External Import Tool
In order to facilitate downloading of modules in an extensible way without impacting the compiler source, the compiler may rely on an external tool to acquire the import. The tool path may be specified on the command line or in the configuration file. It's API will be as follows:
tool -Iurl [modulename]
Note that modulename will not include the package qualifier. For example, if the import path is specified as:
And a file imports acme.widgets.square, the following command will be executed:
tool -Ihttp://acme.com/widgets square
If the package qualifier encompasses the entire import (i.e. import acme.widgets), then the command line is:
tool -Ihttp://acme.com/widgets .
If the tool finds the file, it will output the following:
where url-resolved is the exact url used to download the module (to be used as __FILE__ per above) and return 0.
if the file cannot be found, it will output nothing, and return non-zero, which will cause the compiler to generate an error.
It is important to note that the compiler will try paths in order specified, which means a module could be in a local path, but an earlier path specification contains a remote url, the remote url will be tried before the local paths. That is, the additional abilities to specify remote paths does not affect how the compiler searches the import path.
To prevent re-fetching source files that likely are very static, the download tool can cache the files fetched using urls for future use. If any file changes remotely, the user will have to clear the cache, or if it can detect the changes easily, it can purge the cache without assistance.
The method of caching is not specified, nor is whether the tool should cache the absence of a file.
It is strongly advised that a specific package system be used for downloading both import source and compiled library for a given package. This allows one to easily specfiy pragma(lib) in the downloaded source to automatically link the file. The tool may have to edit the file used to link in the source file downloaded, as the linker is not going to be instrumented to know where to find the library.
This proposal only specifies that http be a possible protocol used by this tool. However, other protocols may be used as long as they can be specified in url form and the download tool can support them.
This arguably extralinguistic feature could be addressed by a tool included with the standard distribution. The tool would use traditional package and library management, along with installing additional files, running installation scripts, etc. Alternatively, a general OS-specific package management can be used.
This proposal does not aim at obviating all needs for such a tool, but instead it tries to (a) lower the barrier of entry for common code sharing scenarios, (b) allow self-contained, headache-free libraries, and (c) help and simplify construction of larger-scale tools.
It is worth noting that the compiler is the only tool that has exact knowledge and control over what modules are being imported. An external tool would need to maintain package description files in separation from the source code, or at best could run the compiler multiple times and incrementally download libraries as they are required.

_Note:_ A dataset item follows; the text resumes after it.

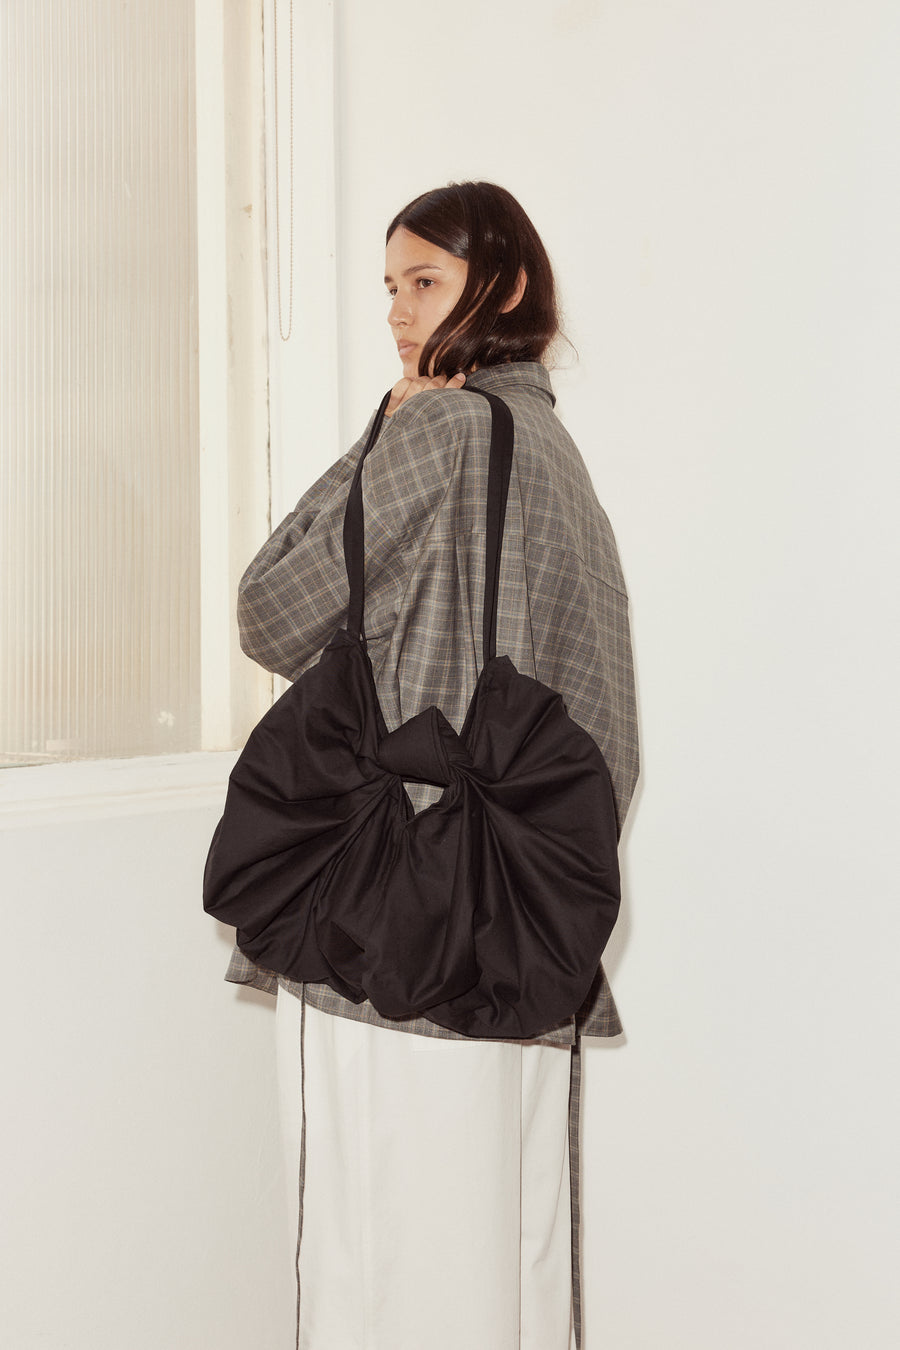 female model pictured with the Deiji Studios Bow Bag, a black organic cotton bag with subtle lustre in the shape of a ribbon bow, with long shoulder straps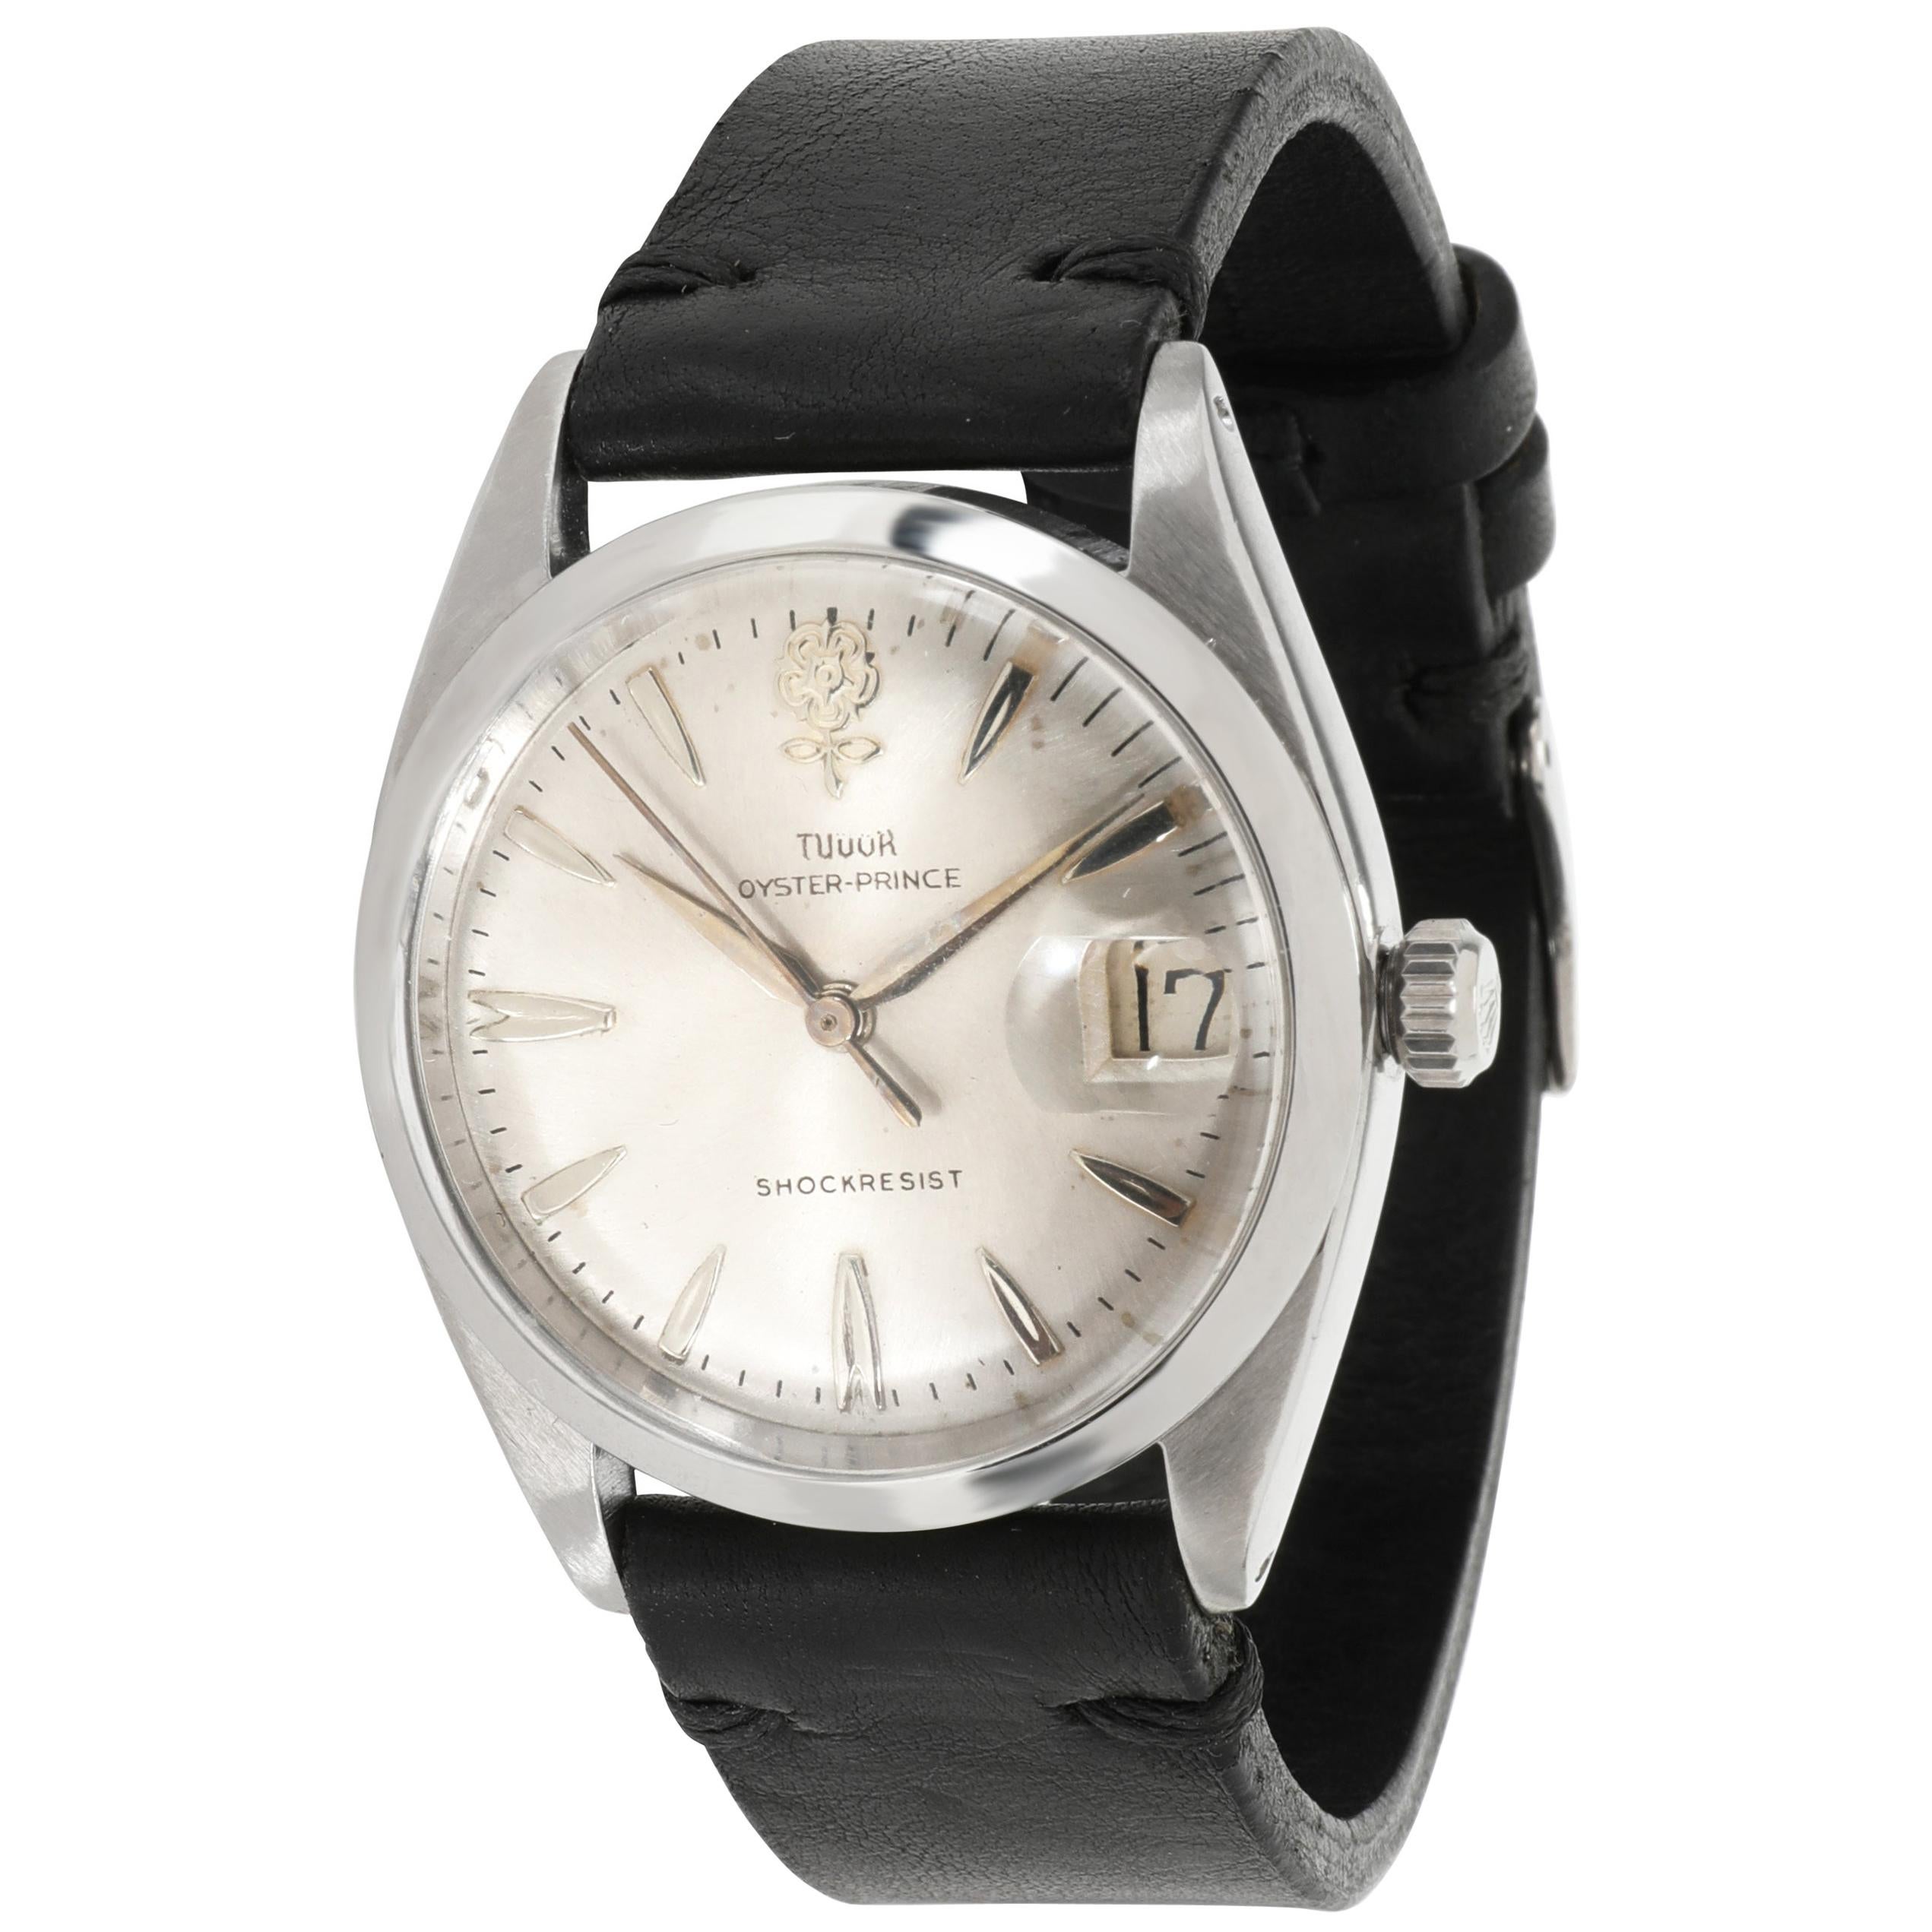 Tudor Oyster Prince 7962 Men's Watch in Stainless Steel

For such an approach refer to Adam Ruppe's message. His program is significantly slower than a compiler-integrated approach.
It's also possible to put the download tool code directly in the compiler, but this has several drawbacks:
- The compiler is written in C++, so this tool would also have to be.
- The compiler arguably should not be "infiltrated" by code that has nothing to do with compiling.
- There are already boatloads of programs/libraries that solve the problem of downloading files, we shouldn't be reinventing the wheel here.
- Adding a method for downloading does not require a rebuild of the compiler.
- The benefit of having the compiler actually do the downloading is that there would be no need to start an extra process.
- However, the performance impact should be quite minimal, especially with caching by the download tool.